Adapting Multilingual LLMs to Low-Resource Languages with Knowledge Graphs via Adapters
Daniil Gurgurov, Mareike Hartmann, Simon Ostermann
TL;DR
The paper tackles improving sentiment analysis and named entity recognition in eight low-resource languages by injecting graph knowledge from ConceptNet and Wikipedia into multilingual LLMs via a modular adapter framework. It adopts a MAD-X–inspired architecture with language adapters, task adapters, and Adapter Fusion to combine sources, training with MLM, full-word MLM, and a targeted MLM objective to connect multilingual concepts.

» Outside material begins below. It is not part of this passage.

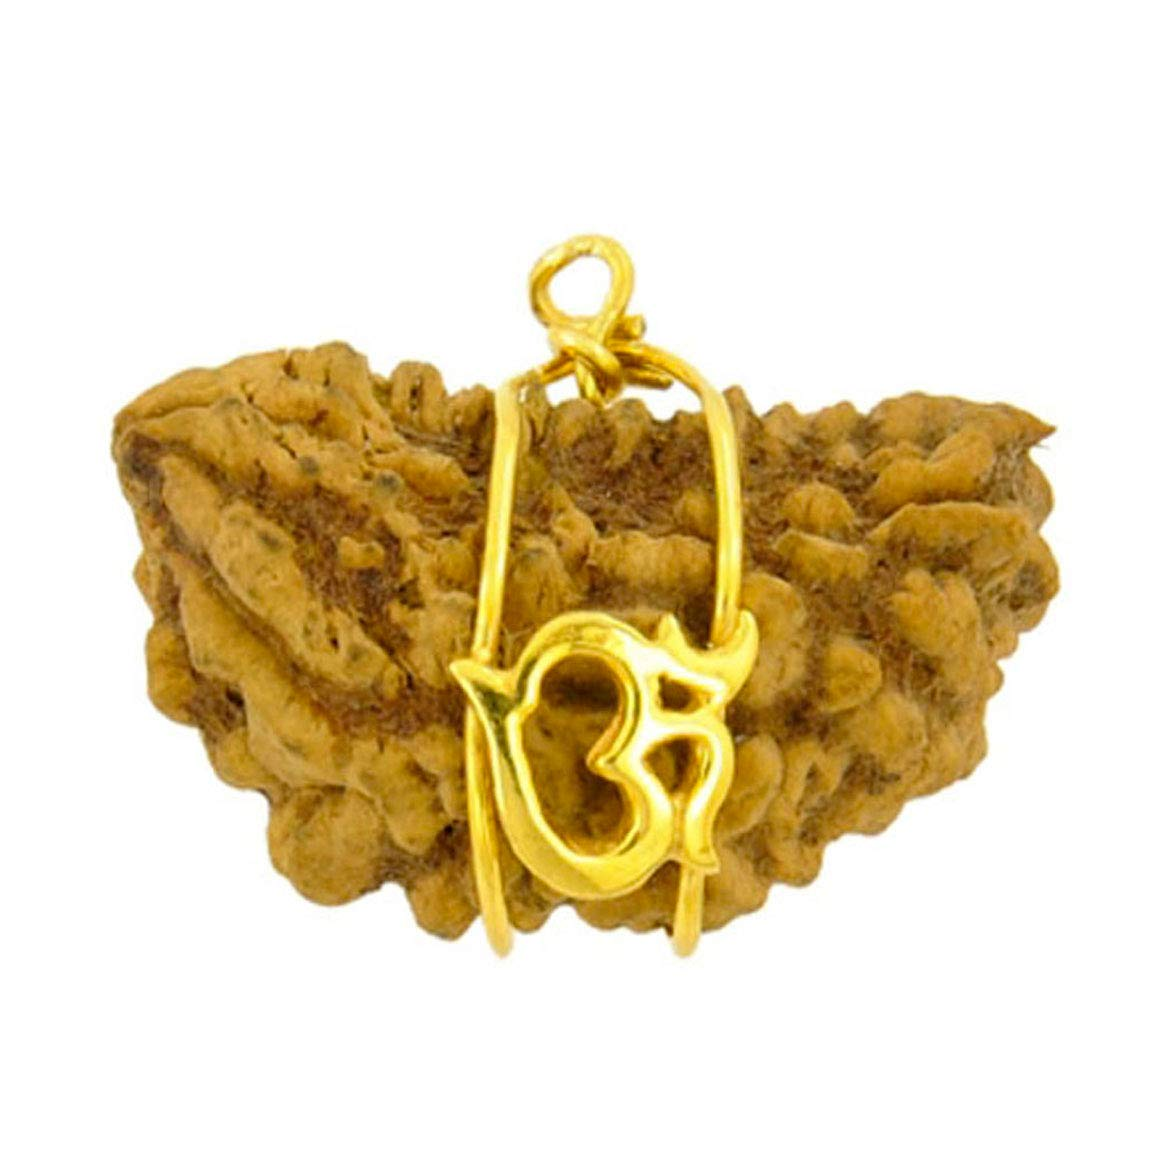 Gemsonclick Natural 1 Mukhi One Face Rudraksha Anhä nger Gebetskette OM Gold plattiert Medaillon Healing Chakra

Empirical results show notable SA gains in several languages and more variable improvements for NER, with benefits influenced by data availability and whether languages are present in pretraining data. The work demonstrates the potential and limits of graph-based knowledge injection for low-resource languages and provides code for reproducibility and further exploration.
Abstract
This paper explores the integration of graph knowledge from linguistic ontologies into multilingual Large Language Models (LLMs) using adapters to improve performance for low-resource languages (LRLs) in sentiment analysis (SA) and named entity recognition (NER). Building upon successful parameter-efficient fine-tuning techniques, such as K-ADAPTER and MAD-X, we propose a similar approach for incorporating knowledge from multilingual graphs, connecting concepts in various languages with each other through linguistic relationships, into multilingual LLMs for LRLs. Specifically, we focus on eight LRLs -- Maltese, Bulgarian, Indonesian, Nepali, Javanese, Uyghur, Tibetan, and Sinhala -- and employ language-specific adapters fine-tuned on data extracted from the language-specific section of ConceptNet, aiming to enable knowledge transfer across the languages covered by the knowledge graph. We compare various fine-tuning objectives, including standard Masked Language Modeling (MLM), MLM with full-word masking, and MLM with targeted masking, to analyse their effectiveness in learning and integrating the extracted graph data. Through empirical evaluation on language-specific tasks, we assess how structured graph knowledge affects the performance of multilingual LLMs for LRLs in SA and NER, providing insights into the potential benefits of adapting language models for low-resource scenarios.